Robert Riggs, 'Psychopathic Ward', 2-color lithograph, c. 1940, edition c. 50, Beall 60, Bassham 78. Signed, titled, and numbered '14' in pencil. Signed in the stone, lower right. A superb, atmospheric impression, in warm black ink printed over a pale yellow-gray background tint, on off-white wove paper; the full sheet with margins (1 1/8 to 2 1/2 inches), in excellent condition. Matted to museum standards, unframed.
Image size 14 1/4 x 18 7/8 inches; sheet size 17 1/4 x 23 3/4 inches.
In this meticulously produced work the use of 2 ink colors, warm gray and black, renders unusually deep blacks and enhances the wide, finely nuanced range of values.
Exhibited: 'The American Scene: Prints from Hopper to Pollock', Stephen Coppel, The British Museum, 2008. 'American Graphics 1860-1940', The Philadelphia Museum of Art, 1982. 'American Prints, 1913-1963', Royal Library Albert I, Brussels, Belgium, 1976. 'The Print Club', Philadelphia, November - December 1941.
Reproduced: 'American Lithographers 1900-1960: The Artists and Their Printers', Clinton Adams, The University of New Mexico Press, 1983. 'The American Scene: Prints from Hopper to Pollock', Stephen Coppel, The British Museum, 2008.
Impressions of this work are in the collections of the Blanton Museum of Art, British Museum (London), Cornell University, U. S. Library of Congress, Museum of Fine Arts Boston, Museum of Modern Art, National Gallery of Art, National Library of Medicine, New Britain Museum of American Art, Philadelphia Museum of Art, UC Santa Barbara, Washington State University, Woodmere Art Museum, and the Yale Medical Library.
ABOUT THE ARTIST
Painter, printmaker, and illustrator Robert Riggs (1896-1970) is best known for his compelling, realistic images of the circus, boxing matches, and hospital wards. Riggs was born in Decatur, Illinois, beginning his art studies at Millikin University. At age nineteen, he won a scholarship to the Art Students League inNew York City, and went on to work for the advertising firm A. W. Ayer & Company in Philadelphia. During World War I, Riggs served in France with a Red Cross hospital unit where he made numerous sketches of wounded soldiers—the suffering he witnessed informed his later social-conscious work in printmaking. While in France, Riggs studied at the Académie Julian, a private art academy favored by American expatriates.

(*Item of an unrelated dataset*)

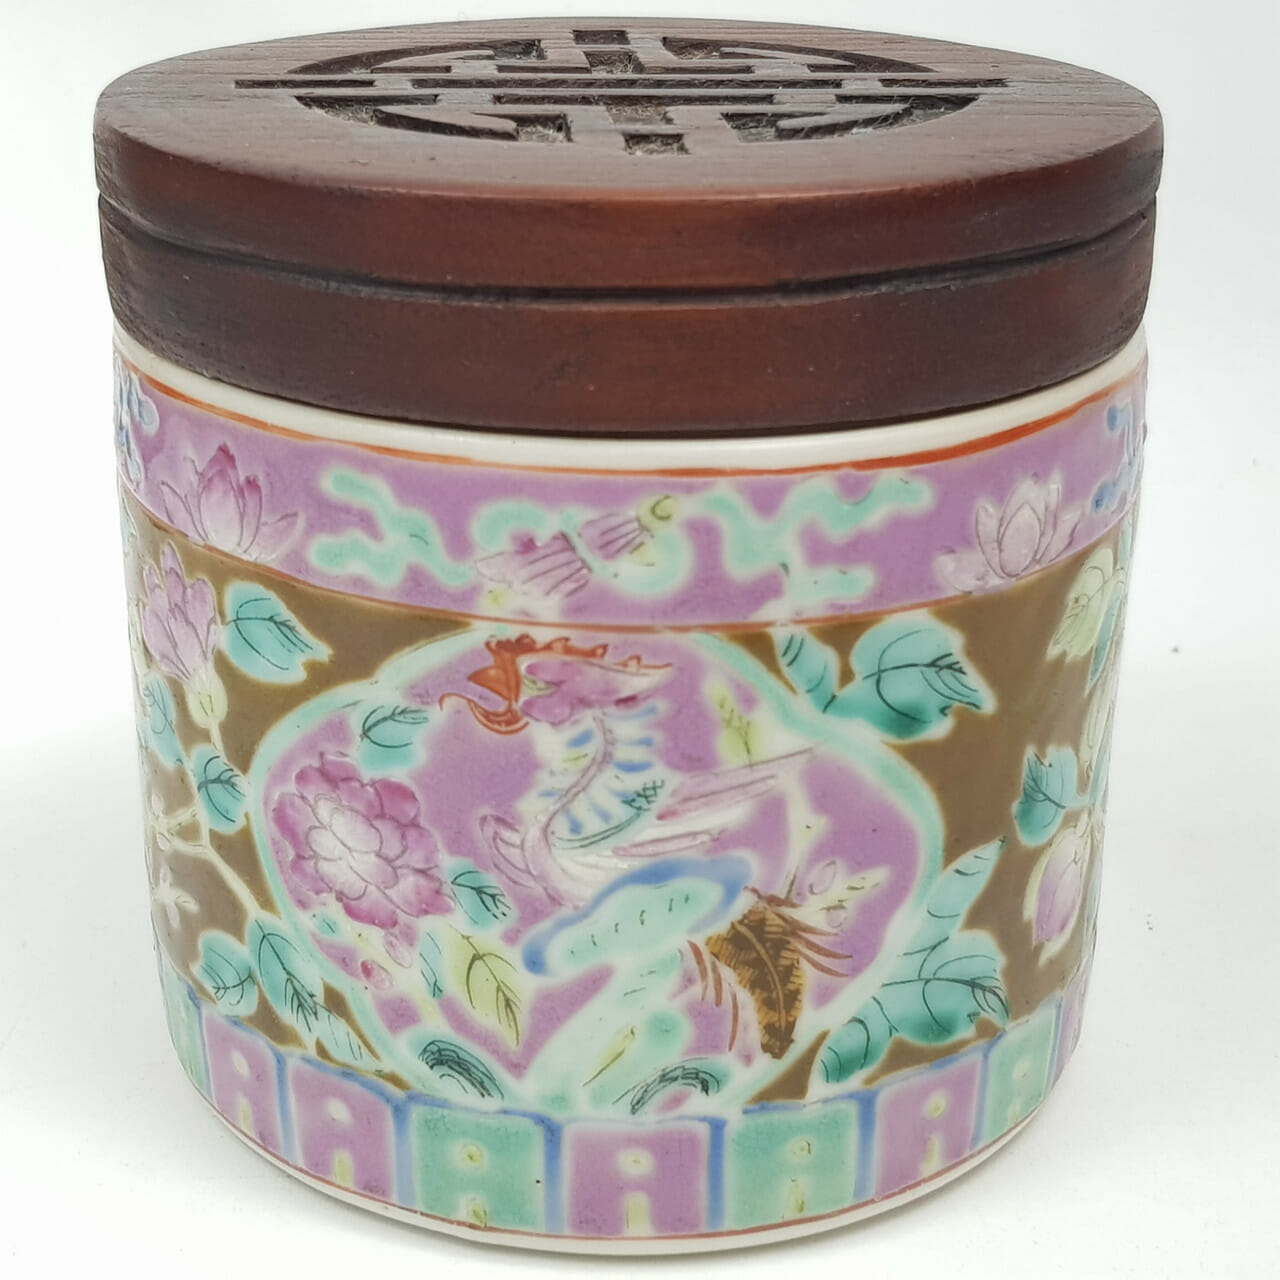 CHINESE MINHUO TEA CADDY PORCELAIN WITH WOODEN LID C/1900'S #52338

Riggs returned to his pre-war job in Philadelphia and worked freelance in magazine illustration and advertising design. In 1924, he departed for international travel, making watercolor paintings of scenes in North Africa, China, Thailand, and the Caribbean islands. An exhibition of lithographs by George Bellows in 1931 inspired Riggs to make his prints of boxing subjects for which the older artist had gained renown. In 1933, Riggs' lithographs were presented in a solo show at the Frank Rehn Gallery, New York. Riggs subsequently turned to the circus subjects for which he gained further recognition, creating a series of fifteen prints. He later made four important lithographs on modern medical practices for pharmaceutical manufacturer Smith, Kline and French Corporation.

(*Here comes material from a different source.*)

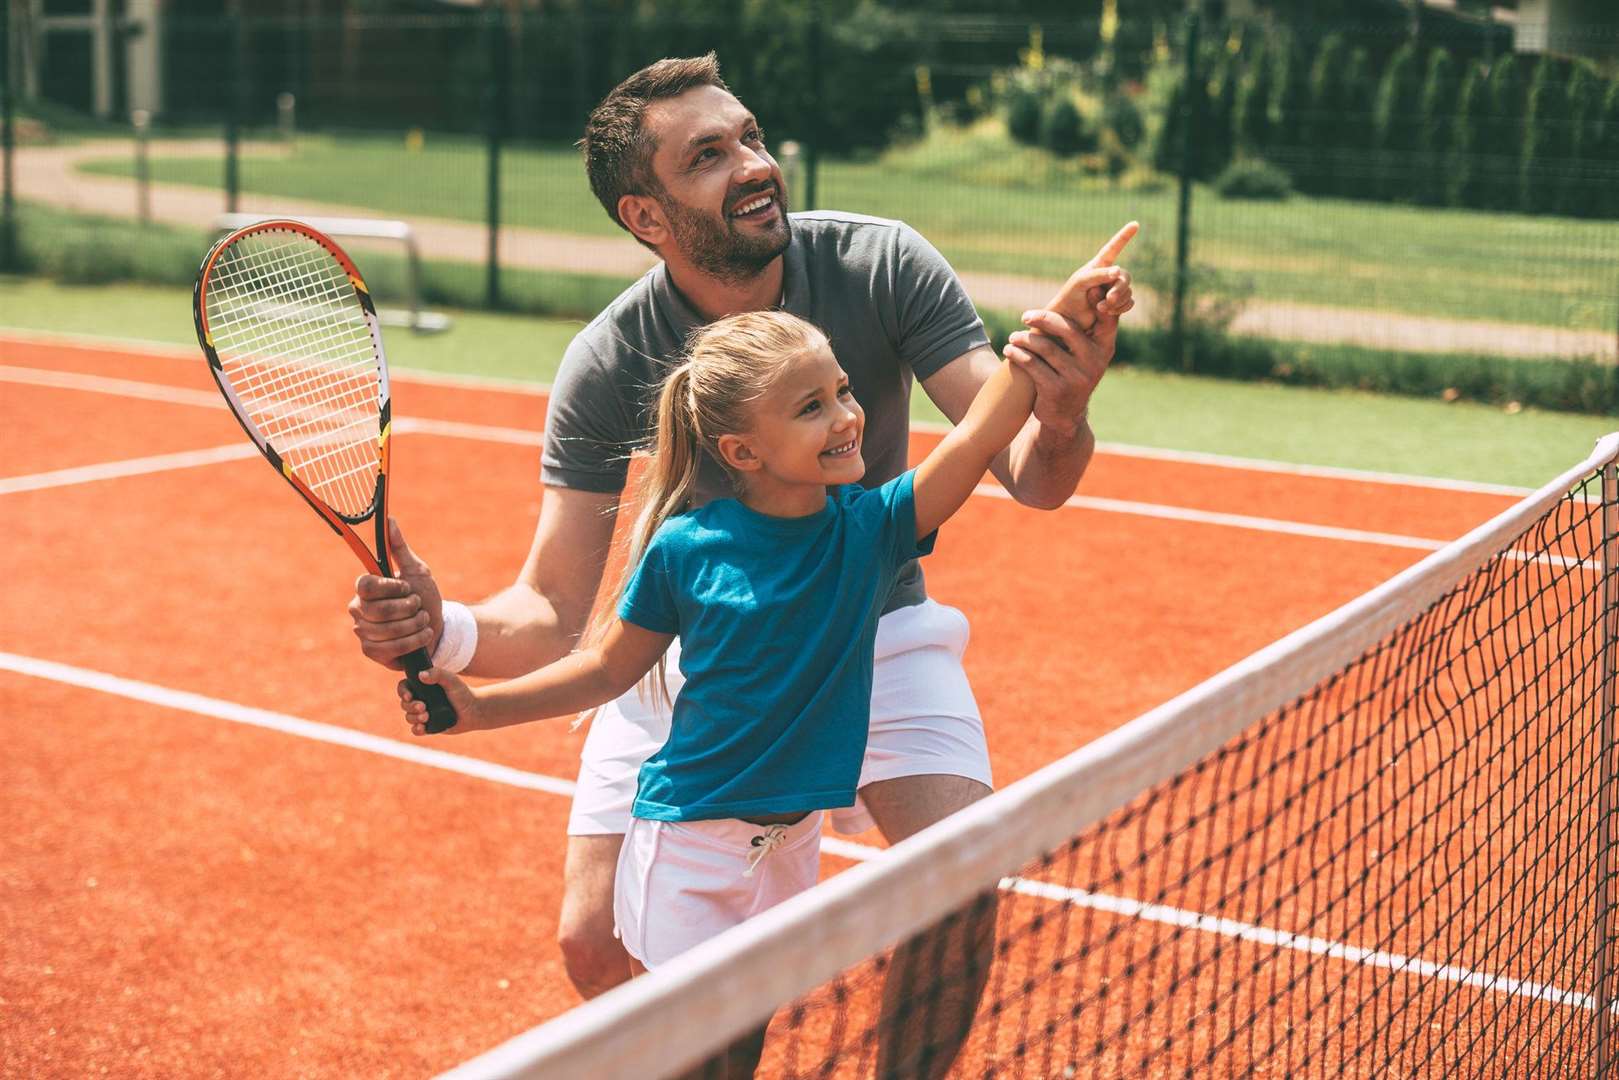 Tennis is the perfect way to encourage children to be active outside and have fun

Of the eighty-four prints Riggs made over twenty years, most were produced between 1934 and 1936, when the challenging economic conditions of the Great Depression made prints particularly popular for their relatively low cost. Riggs gave up printmaking around 1950 but continued to produce black-and-white drawings commissioned for reproduction. Riggs was elected to associate membership in New York's venerable National Academy of Design in 1939, with full membership following in 1946, the year he was featured in a solo exhibition at the Pennsylvania Academy of the Fine Arts. Between 1961 and 1963, Riggs taught at the Philadelphia College of Art (now The University of the Arts). He spent his later years in New York City, where he continued to create until he died in 1970.

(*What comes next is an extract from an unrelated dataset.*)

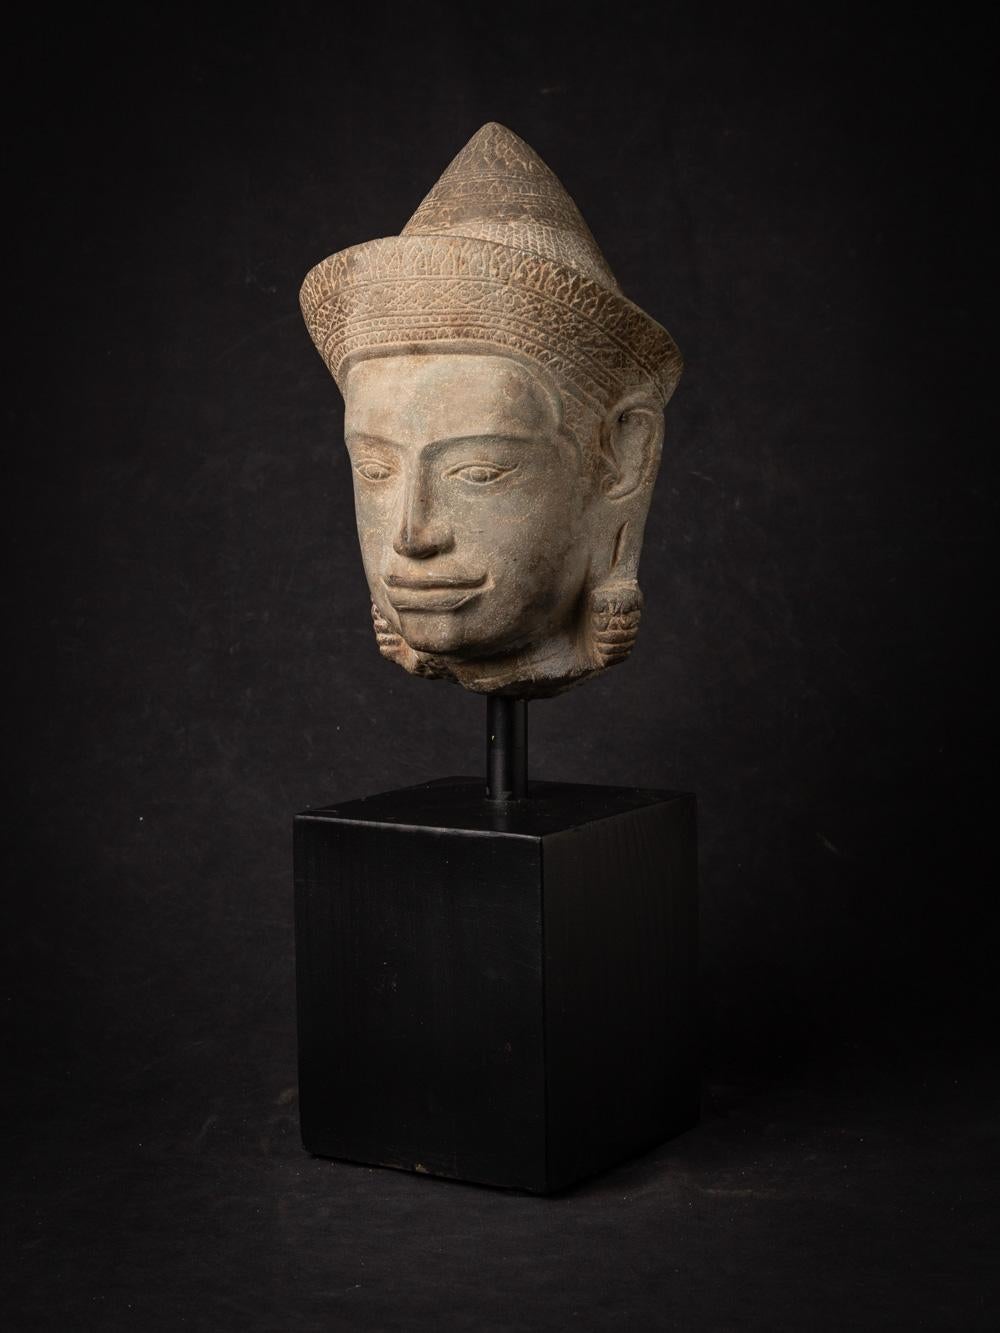 The 13th-century sandstone Vishnu head from the Bayon period is a remarkable and historically significant artifact originating from Cambodia. Crafted from sandstone, this Vishnu head stands at 47.5 cm in height, with the head alone measuring 27 cm

Riggs's work is represented in prestigious institutions, including the British Museum (London), Cornell University, Metropolitan Museum of Art, Museum of Fine Arts Boston, Museum of Modern Art, National Gallery of Art, National Library of Medicine, Philadelphia Museum of Art, Smithsonian American Art Museum, UC Santa Barbara, U.S. Library of Congress, Washington State University, Woodmere Art Museum, and Yale Medical Library.